Not much time today, so I'll hop straight to it.
-- Multiple Occupy movements have made their way into the courts to fight for free speech and assembly rights. Among these: Rochester and Vancouver.
-- The report concerning the pepper spray incident on the UC Davis campus was supposed to be released today, but the union representing the police officer at the center of the inquest has filed for a court order to block the release. Their attorney says that multiple officers involved in the case do not want their names or confidential information they told investigators to be published. Both the President and the Task Force Head investigator are frustrated at the turn of events, telling the public and other task force members that they will fight to have a non-redacted copy made available.
-- On opposite sides of the country, Occupiers took to the streets and Capitols to fight back against education cuts and rising fees yesterday. In California, roughly 70 protesters, both Occupiers and students, were arrested when they refused to leave the Capitol despite repeated warnings from police. Thousands of people attended the rally for education on the Capitol lawn. Most of the arrested protesters were released soon afterward. In New York, 33 demonstrators were arrested at the Capitol in Albany, with many protesting throughout the Legislature's session. Roughly 400 people attended the event, calling for funding for state colleges. Many schools in New York have been cut by up to 30% in the past few years. All 33 arrested were later released.
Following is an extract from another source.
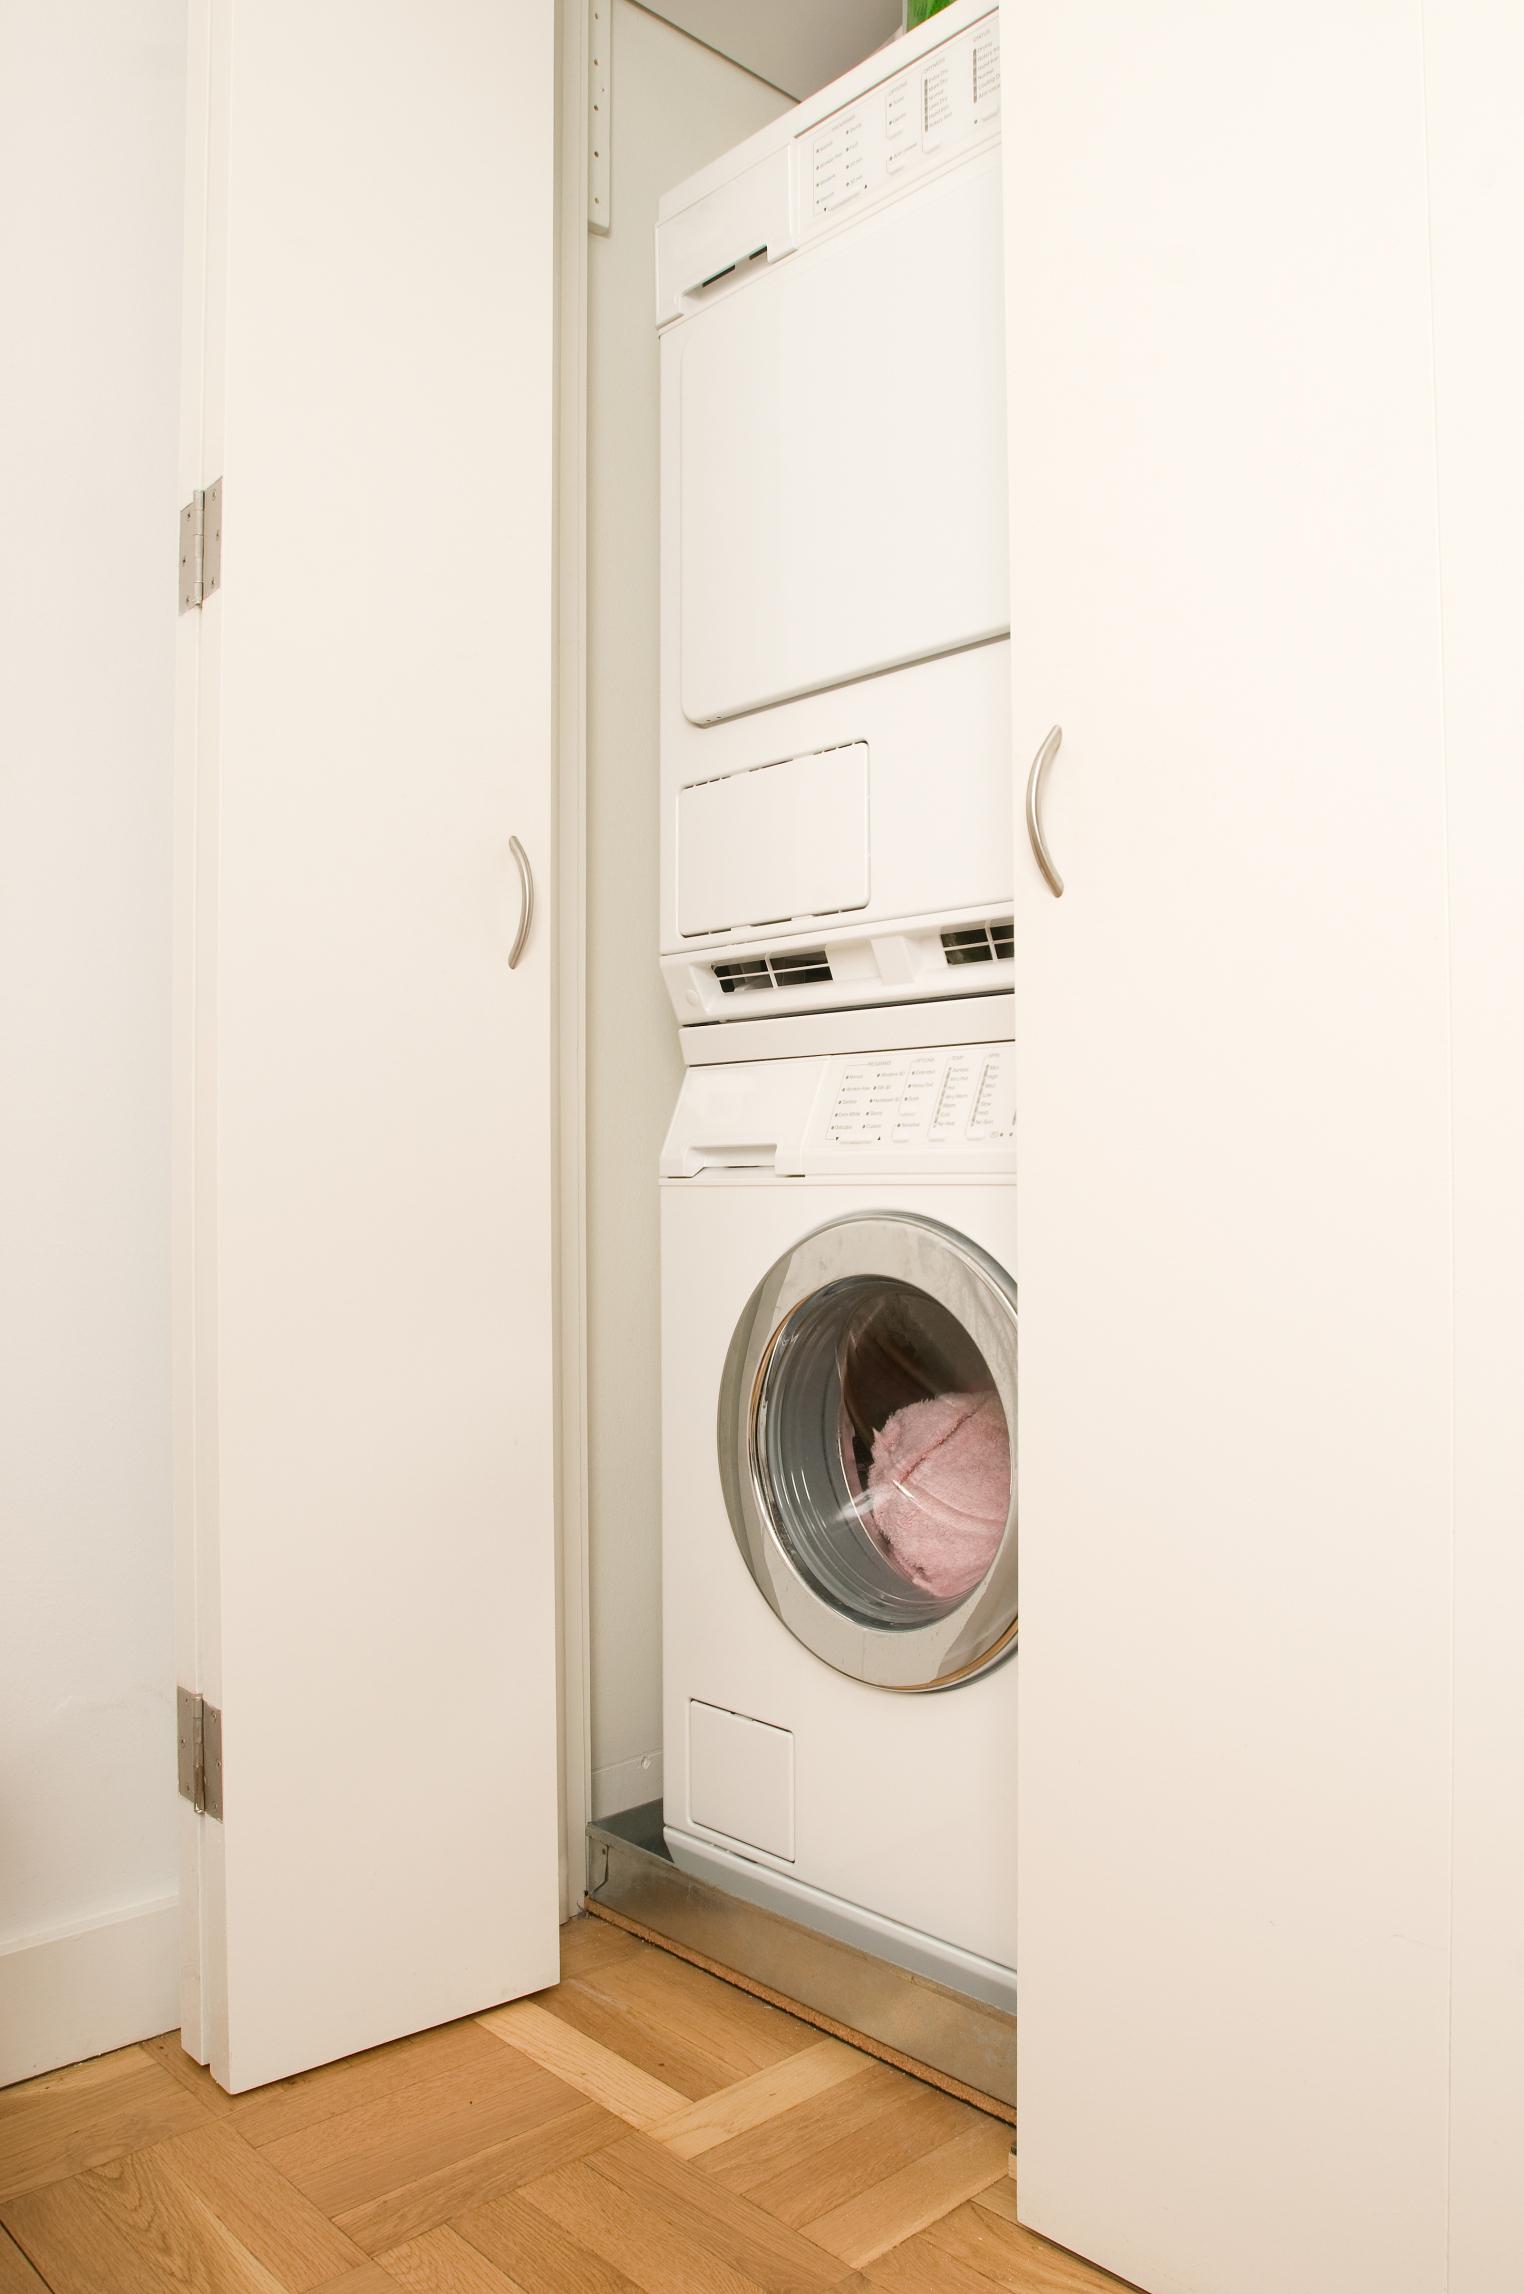 Secadora encima de lavadora simple secadora encima de lavadora with secadora encima de lavadora - Soporte secadora sobre lavadora ...
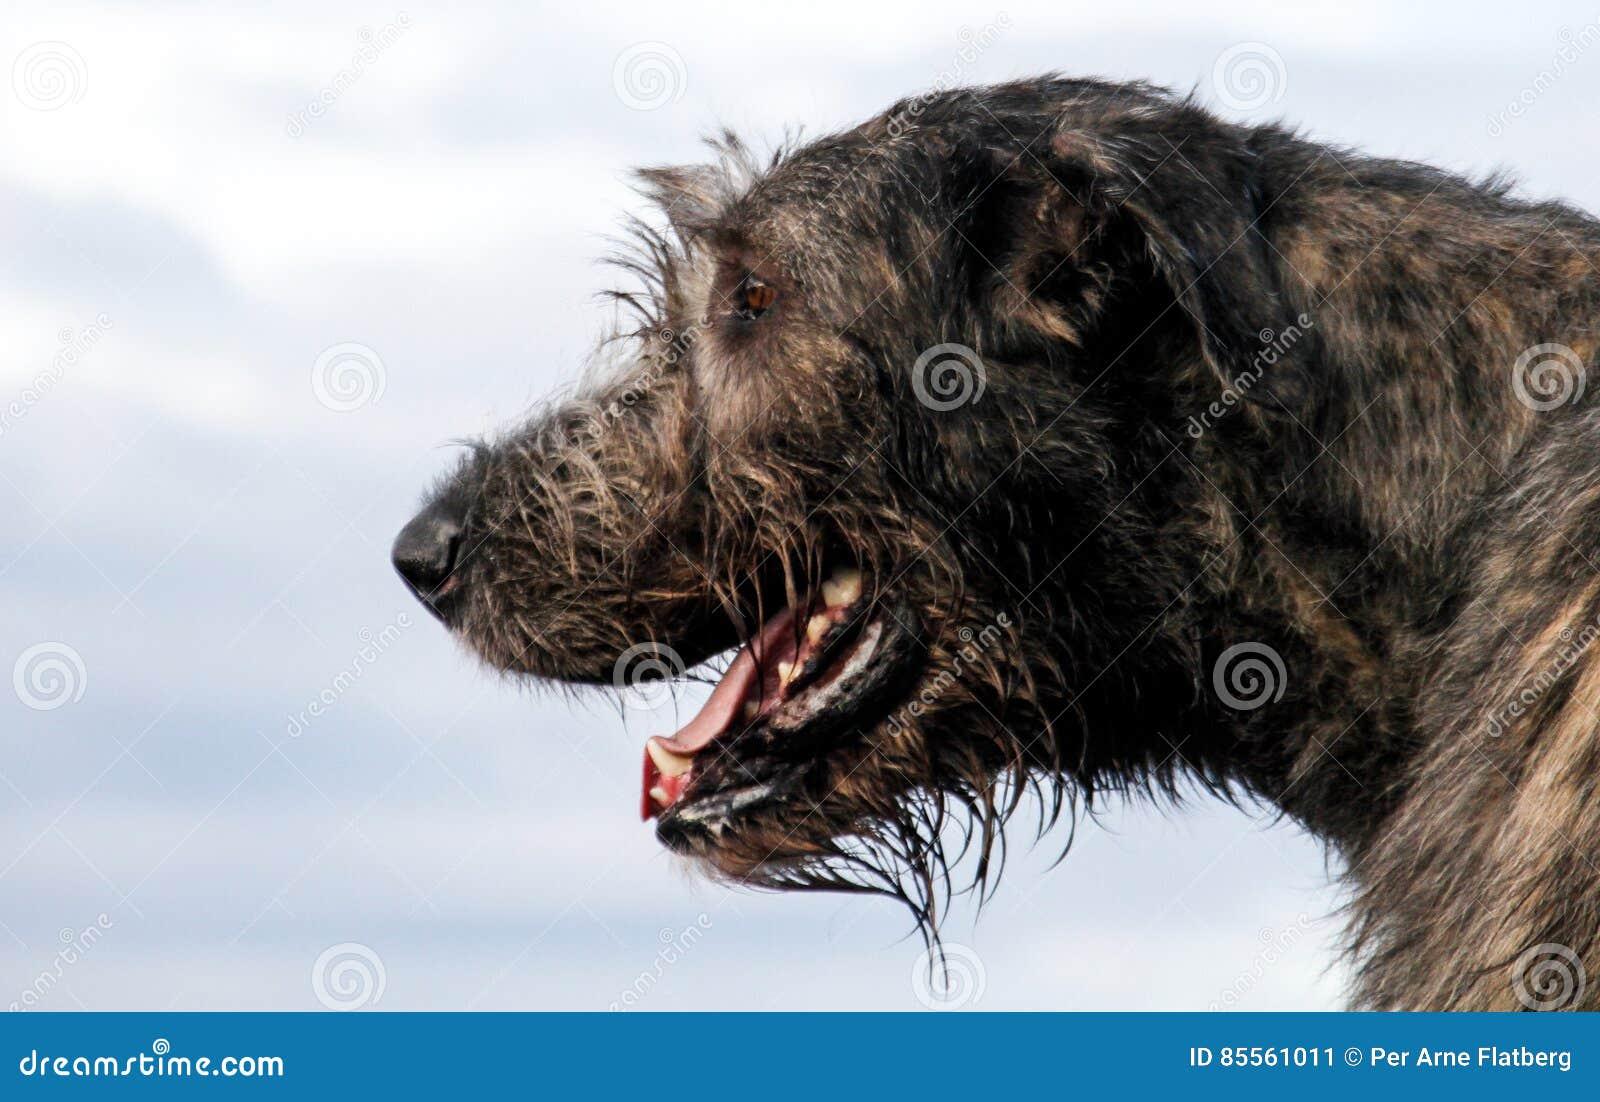 Kopf des irischen Wolfshunds

-- Occupy AIPAC (American Israeli Public Affairs Committee) is facing some challenges as some people are beginning to call the movement "anti-Semitic." While the protesters exclaim they are not anti-Semitic, and rather trying to fight against a war on Iran, others declare that their actions say otherwise. (I don't think they are anti-Semitic. Many of their supporters and members are groups called "Interfaith Peace-Builders" and "Jewish Voice for Peace." I firmly believe you can be against an economic or foreign policy without ostracizing that group for their religious beliefs.)
Big Story, big story...
-- President Obama has relocated the G8 Summit from Chicago to Camp David, in a move that has many asking, "What is he afraid of?" As soon as the news hit, Occupy Camp David began to rise in the ranks on Twitter, with many saying they would show up now more than ever. The NATO Summit will still happen in Chicago, and Occupiers will still be marching there, but many are confused about this move. President Obama says Camp David will make for a more intimate setting, in order to "facilitate a free-flowing discussion." There were no reasons given as to why such a discussion could not occur in Chicago.